Storage requirements for 3D AIGC
Our research focuses on perception and generation. In the 3D domain, task complexity is different from image and text processing. This placed higher demands on our AI models, algorithms, and infrastructure.
We illustrate the complexity of 3D data processing through a typical pipeline. On the left side of the diagram below is a 3D model containing texture (top-left) and geometry (bottom-right) information. First, we generate rendered images. Each model has text labels describing its content, geometric features, and texture features, which are tightly coupled with the model. In addition, we process geometry data, such as sampled points and necessary numerical values obtained from data preprocessing, like signed distance fields (SDFs). It's important to note that 3D model file formats are highly diverse, and image formats are also different.
Our work spans language models, image/video models, and 3D models. As data volume grows, so does the storage burden. The main characteristics of data usage in these scenarios are as follows:
- Language models: Data typically consists of a vast number of small files. Although individual text files are small, the total file count can reach millions or even tens of millions as data volume increases. This makes the management of such a large number of files a primary storage challenge.
- Image and video data: High-resolution images and long videos are usually large. A single image can range from hundreds of kilobytes to several megabytes, while video files can reach gigabytes. During preprocessing—such as data augmentation, resolution adjustment, and frame extraction—data volume increases significantly. Especially in video processing, where each video is typically decomposed into a large number of image frames, managing these massive file collections adds considerable complexity.

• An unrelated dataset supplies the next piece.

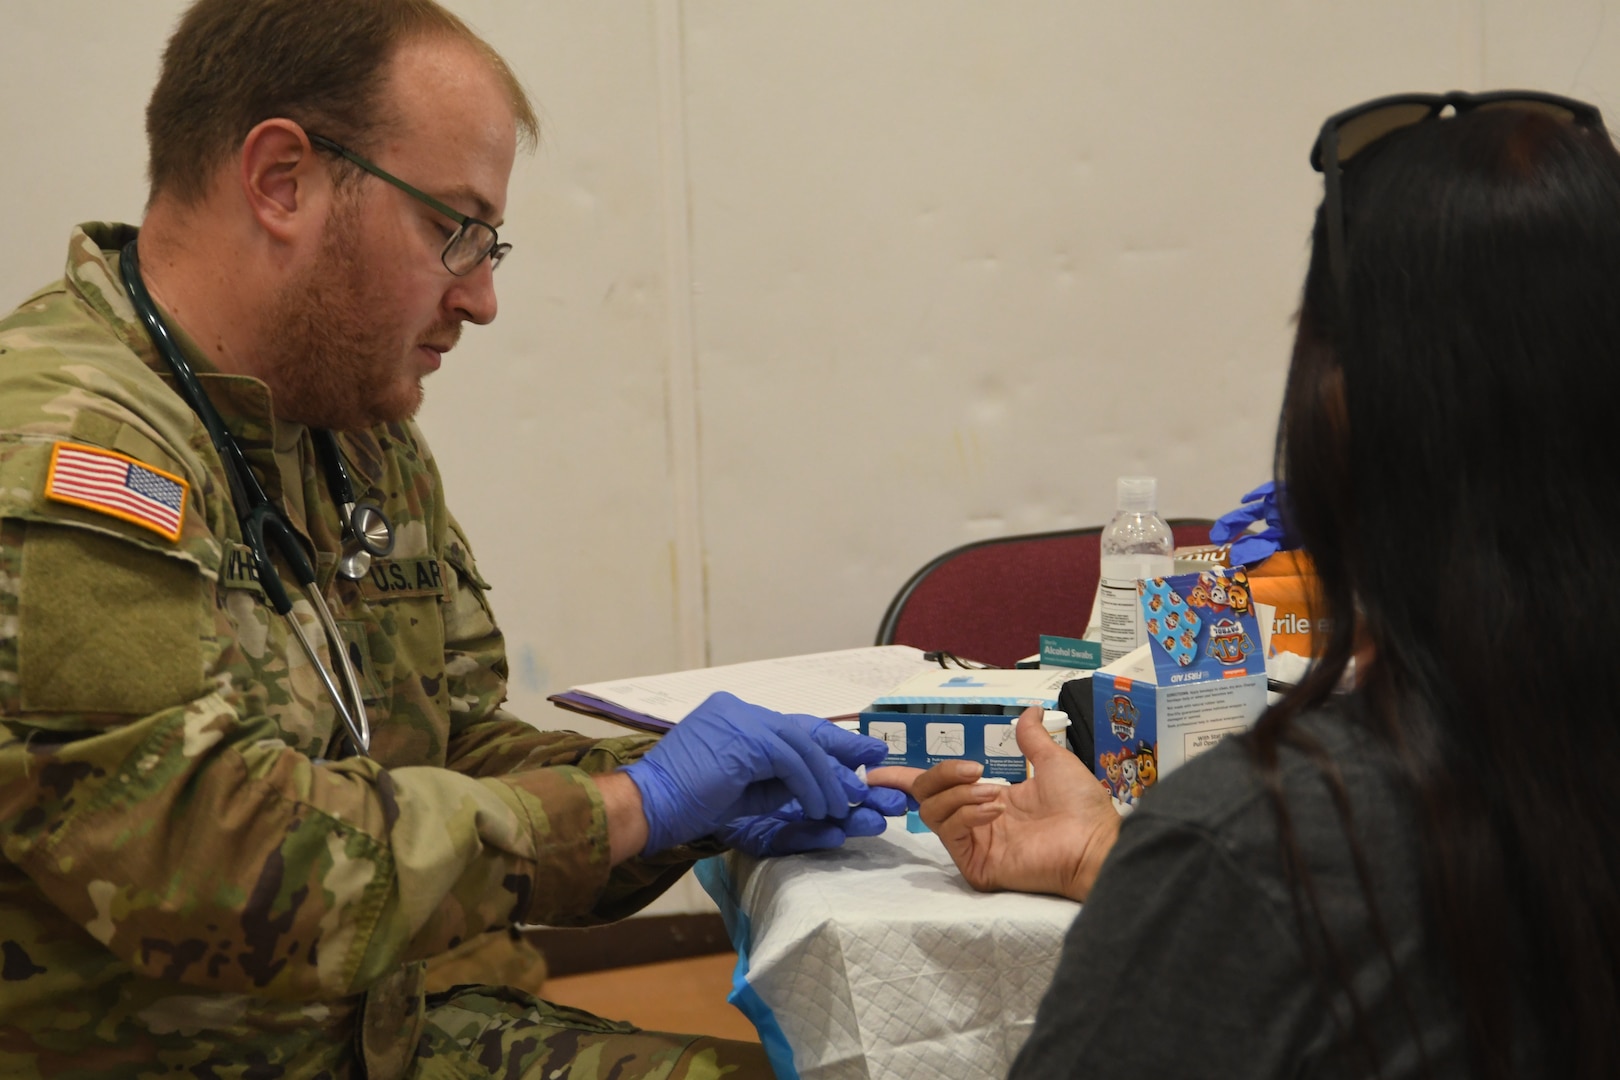 Over 100 service members from the Montana, Arizona and New Mexico National Guard, U.S. Army Reserves, U.S. Public Health Service and U.S. Air Force conducted medical operations for two weeks in August to support of the 2023 Walking Shield Innovative Readiness Training at the Fort Belknap Reservation, Montana.
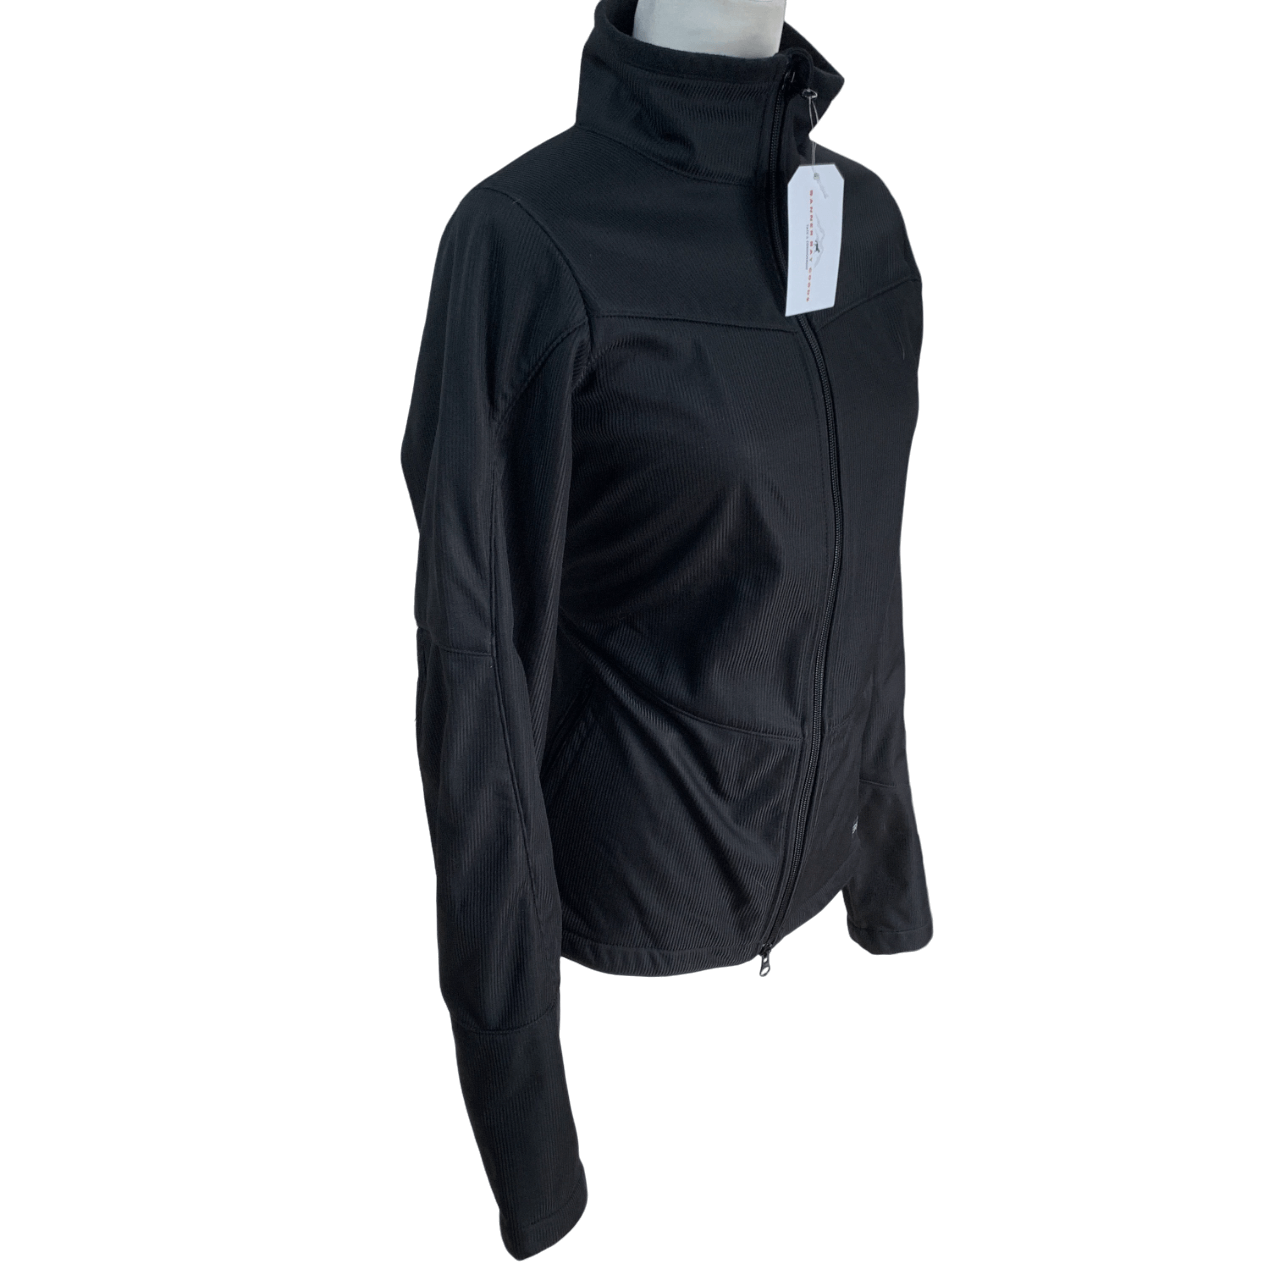 Kerrits Softshell Riding Jacket in Black - Woman's X-Large

- 3D models: Individual models, especially complex ones like point clouds, can be several gigabytes in size. 3D data preprocessing is more complex than other data types, involving steps like texture mapping and geometry reconstruction, which consume great computational resources and can increase data volume. Furthermore, 3D models often consist of multiple files, leading to a large total file count. As data grows, managing these files becomes increasingly difficult.
Based on the storage characteristics discussed above, when we chose a storage platform solution, we expected it to meet the following requirements:
- Diverse data formats and cross-node sharing: Different models use different data formats, especially the complexity and cross-platform compatibility issues of 3D models. The storage system must support multiple formats and effectively manage data sharing across nodes and platforms.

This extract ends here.